ACE in the hole over safety claims

Riley Riley

Car safety watchdog ANCAP has expressed concerns over safety claims made by ACE Electric Vehicles in relation to three models it is preparing to launch in Australia.

Comments by ACE’s managing director Greg McGarvie on Channel 7’s Sunrise program has sparked a swift response by ANCAP which tests and rates cars for safety offered for sale here and in New Zealand.

McGarvie said told Sunrise the company’s vehicles are based on German designs and as such meet safety standards equivalent to ANCAP in Europe.
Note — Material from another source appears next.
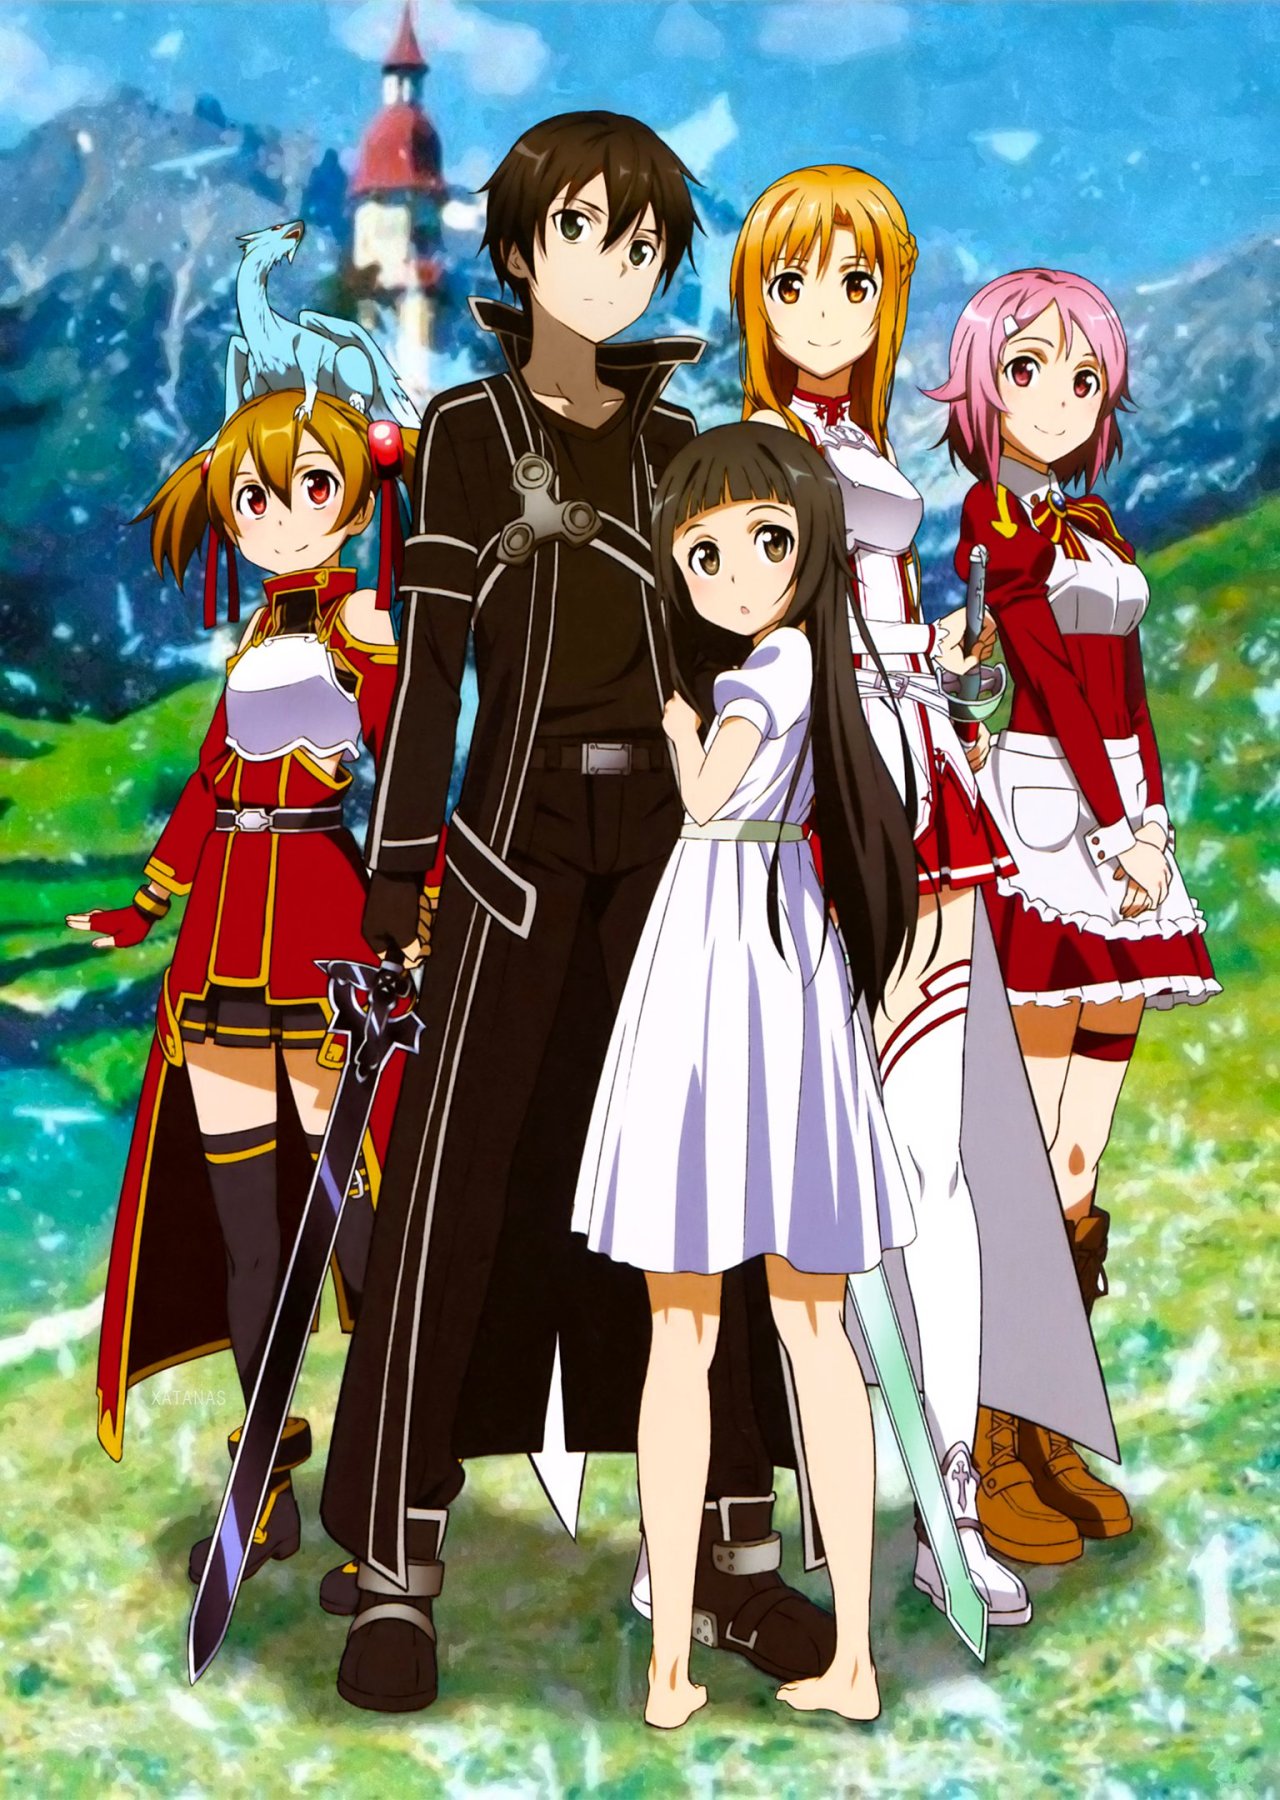 Hình nền  Anime Sword Art Online Alicization Kirito Sword Art Online  Kirigaya Kazuto Alice Sword Art Online Alicization Yuuki Asuna Hiển thị  chân dung thanh kiếm 1080x1920  Jeadgher  1669355

“The vehicle is German-designed and has been designed to European standards, and they have ANCAP ratings over there,” he said.
ANCAP boss James Goodwin has expressed serious reservations about ACE’s claims.
“Despite the claims made by the distributor in the media, these vehicles have yet to be independently tested for safety either here in Australia or by our European counterparts. The safety credentials of these vehicles are unknown,” Mr Goodwin said.

“It is also important to recognise that ANCAP is only in a position to test a vehicle once certified and approved for sale in Australia, and after it is compliant with the regulatory standards of the Australian Design Rules (ADRs).”

“We would strongly caution any brand against making claims on safety performance prior to independent ANCAP assessment, but welcome the opportunity to discuss the claims and potential testing with the distributor.”

ACE Electric Vehicles has signed a deal with Adelaide truck body maker Aldom and is preparing to roll out three electric models across Australia:

  • ACE Cargo (van)
  • ACE Yewt (ute)
  • ACE Urban (micro car)

McGarvie says on the company’s website that as the ACE-EV Cargo has passed extensive crash testing in China, where strict European standards are used to enable sale in the European market — he has no concerns about passing the same in Australia.

However, he does add the next step will be to have the ACE-EV Cargo – the first of which was assembled and unveiled in Sydney in March – passed through Australia’s crash testing, Australian design regulations and ANCAP ratings.

To put the discussion in context, all new vehicles sold in Australia must meet the requirements of the Motor Vehicle Standards Act 1989, including relevant Australian Design Rules.

Most vehicles are physically tested by ANCAP at its Huntingwood crash facility, but it does under some circumstances share data with other organisations across the world such as Euro NCAP.